Re: Perform streaming logical transactions by background workers and parallel apply

From: Peter Smith <smithpb2250(at)gmail(dot)com>
To: "houzj(dot)fnst(at)fujitsu(dot)com" <houzj(dot)fnst(at)fujitsu(dot)com>
Cc: Amit Kapila <amit(dot)kapila16(at)gmail(dot)com>, Masahiko Sawada <sawada(dot)mshk(at)gmail(dot)com>, "wangw(dot)fnst(at)fujitsu(dot)com" <wangw(dot)fnst(at)fujitsu(dot)com>, "shiy(dot)fnst(at)fujitsu(dot)com" <shiy(dot)fnst(at)fujitsu(dot)com>, PostgreSQL Hackers <pgsql-hackers(at)lists(dot)postgresql(dot)org>, Dilip Kumar <dilipbalaut(at)gmail(dot)com>
Subject: Re: Perform streaming logical transactions by background workers and parallel apply
Date: 2023-01-12 04:23:49
Message-ID: CAHut+PvA10Bp9Jaw9OS2+puKHr7ry_xB3Tf2-bbv5gyxD5E_gw@mail.gmail.com
Views: Raw Message | Whole Thread | Download mbox | Resend email
Thread:
Lists: pgsql-hackers

Hi, here are some review comments for patch v78-0001.

======

General

1. (terminology)

AFAIK everywhere until now we’ve been referring everywhere
(docs/comments/code) to the parent apply worker as the "leader apply
worker". Not the "main apply worker". Not the "apply leader worker".
Not any other variations...

From this POV I think the worker member "apply_leader_pid" would be
better named "leader_apply_pid", but I see that this was already
committed to HEAD differently.

Maybe it is not possible (or you don't want) to change that internal
member name but IMO at least all the new code and docs should try to
be using consistent terminology (e.g. leader_apply_XXX) where
possible.

======

Commit message

2.

main_worker_pid is Process ID of the leader apply worker, if this process is a
apply parallel worker.
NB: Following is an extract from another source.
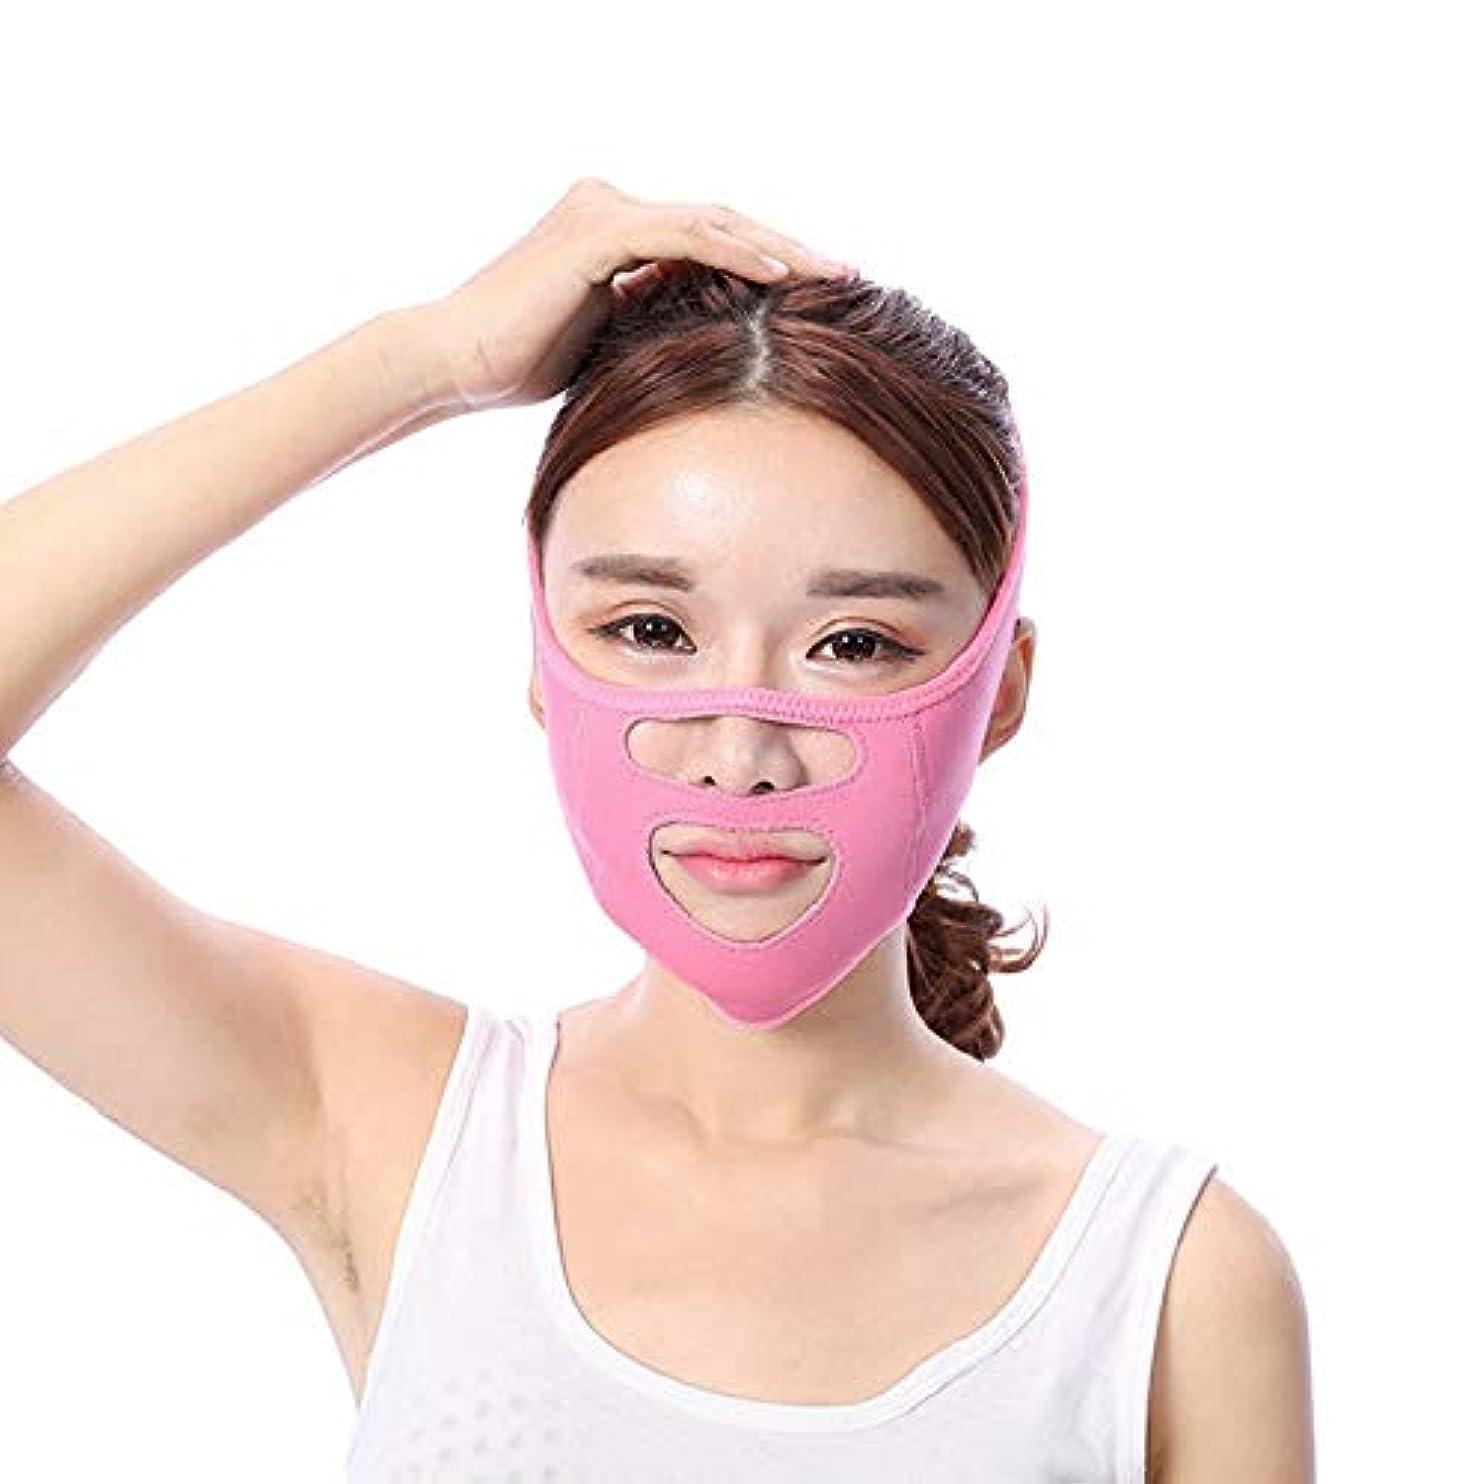 実用的急いで管理しますGYZ 顔の持ち上がる痩身ベルト - あなたの顔のための素晴らしいトレーニング二重あごのワークアウトフェイスマスクベルト薄い顔包帯整形マスクは顔と首を締めますフェイススリム Thin Face Belt

NULL if this process is a leader apply worker or a
synchronization worker.

IIUC, this text is just cut/paste from the monitoring.sgml. In a
review comment below I suggest some changes to that text, so then this
commit message should also change to be the same.

~~

3.

The new column can make it easier to distinguish leader apply worker and apply
parallel worker which is also similar to the 'leader_pid' column in
pg_stat_activity.

SUGGESTION
The new column makes it easier to distinguish parallel apply workers
from other kinds of workers. It is implemented this way to be similar
to the 'leader_pid' column in pg_stat_activity.

======

doc/src/sgml/logical-replication.sgml

4.

+ being synchronized. Moreover, if the streaming transaction is applied in
+ parallel, there will be additional workers.

SUGGESTION
there will be additional workers -> there may be additional parallel
apply workers

======

doc/src/sgml/monitoring.sgml

5. pg_stat_subscription

@@ -3198,11 +3198,22 @@ SELECT pid, wait_event_type, wait_event FROM
pg_stat_activity WHERE wait_event i

<row>
<entry role="catalog_table_entry"><para role="column_definition">
+ <structfield>apply_leader_pid</structfield> <type>integer</type>
+ </para>
+ <para>
+ Process ID of the leader apply worker, if this process is a apply
+ parallel worker. NULL if this process is a leader apply worker or a
+ synchronization worker.
+ </para></entry>
+ </row>
+
+ <row>
+ <entry role="catalog_table_entry"><para role="column_definition">
<structfield>relid</structfield> <type>oid</type>
</para>
<para>
OID of the relation that the worker is synchronizing; null for the
- main apply worker
+ main apply worker and the parallel apply worker
</para></entry>
</row>

5a.

(Same as general comment #1 about terminology)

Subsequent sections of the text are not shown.